Third, regarding health, the market gives us tobacco, which, according to Centers for Disease Control estimates, is responsible for almost 20% of deaths in the United States. The pharmaceuticals industry sells us drugs with unknown long-term effects, which are sometimes severe. And Big Food serves us sugar and fat, so that two-thirds of Americans are overweight, with more than half of them also obese. The list goes on.
Finally, the political system in a democracy is like a market system: there is a competition for votes. But that too has a “phishing equilibrium.” To keep their jobs, politicians have to raise money from “the interests” and use it for TV ads that show what nice folks they really are.
Prosperity at a steep premium
Free markets may lead to prosperity, but they also deliver more than the unalloyed benefits ascribed to them. This unwillingness to acknowledge their dark side undergirds the basic fundamental thinking of economists and leads to bad government policies. A grownup’s view of the economy that incorporates the downsides of capitalism is a prerequisite for sane policy.

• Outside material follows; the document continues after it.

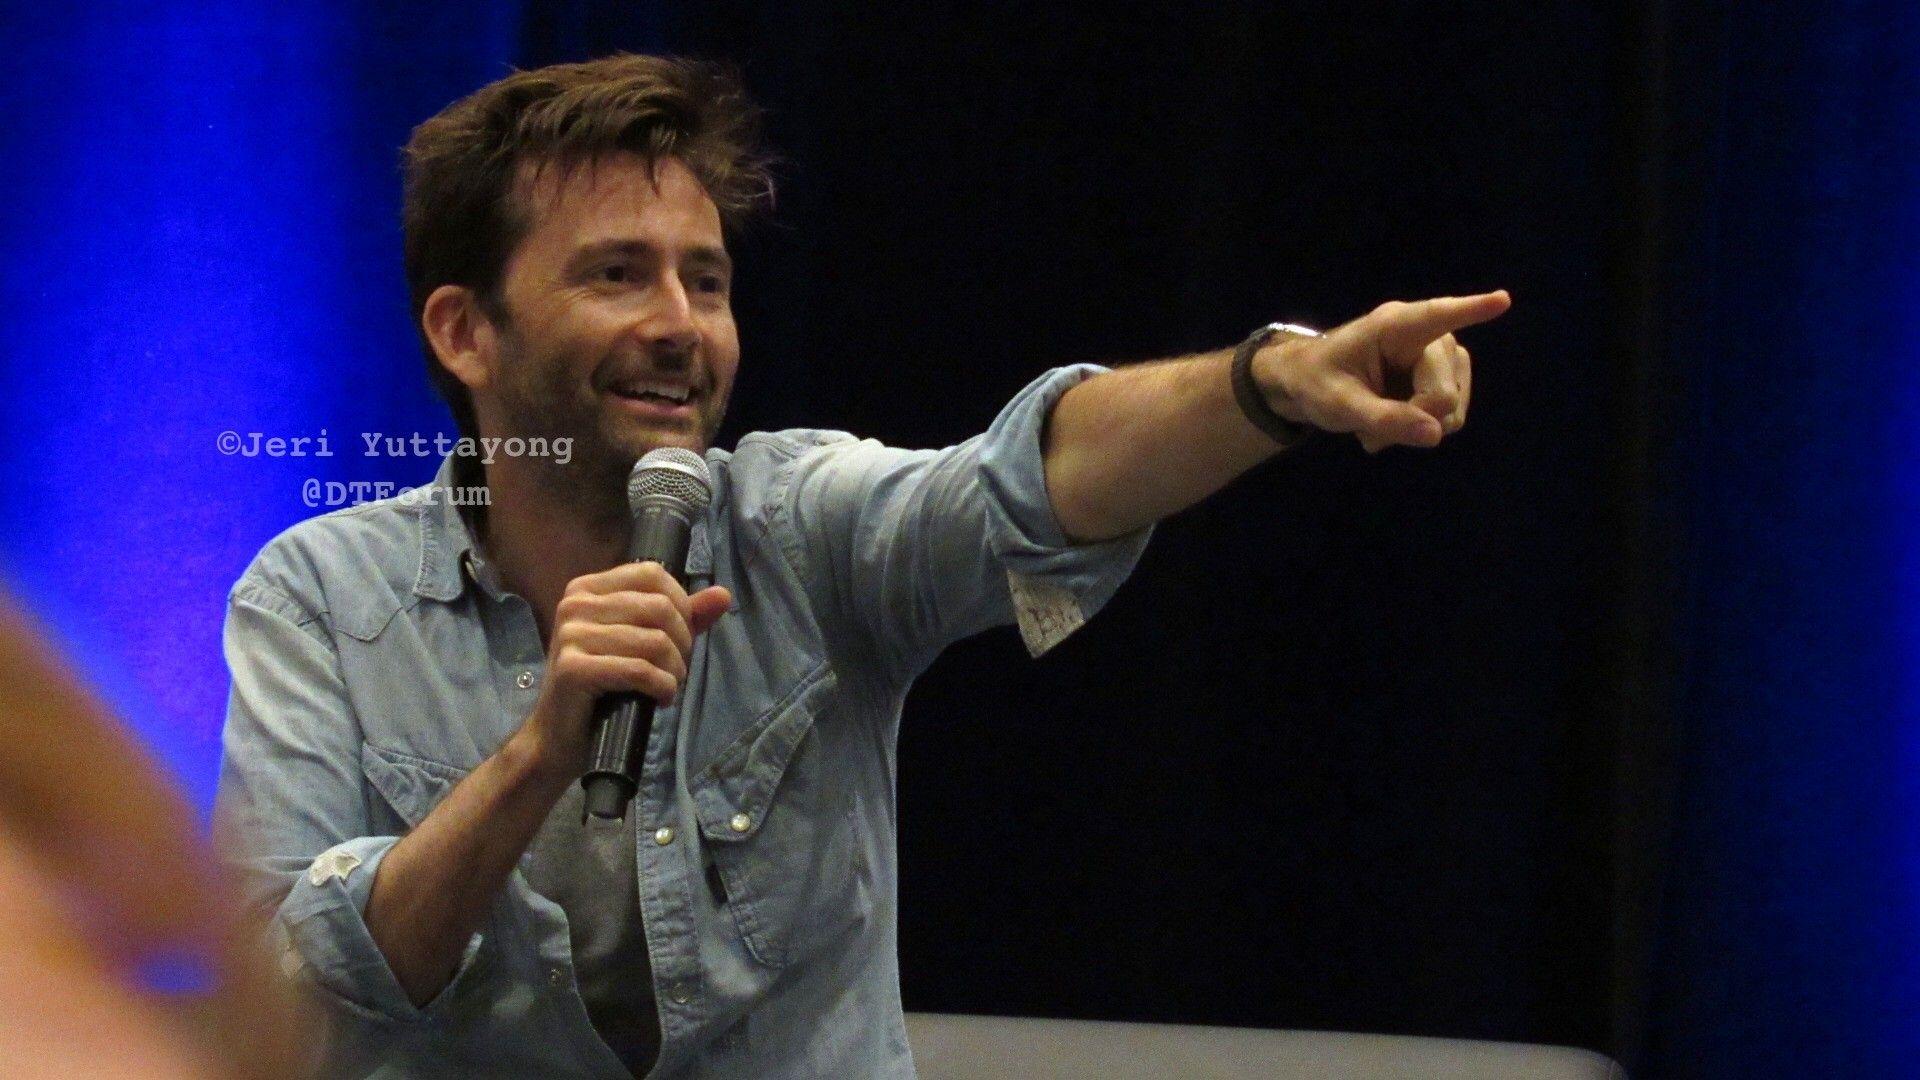 David at the Wizard World Comic Con in Columbus

The economic system works as well as it does not just because of individual incentives, but also because a whole raft of individual heroes, social agencies and government regulation puts limits on this downside of markets to phish us for phools. Such policy is a balancing act, to filter out the bad sediment while allowing through the true benefits of free markets.
This view of a phishing equilibrium thus challenges current economic thinking in a new way. There is a huge payoff to incorporating it into our view of the economy. Just as we love our children, we should love free markets; but as with our children, it would be a mistake to think that they can do no wrong.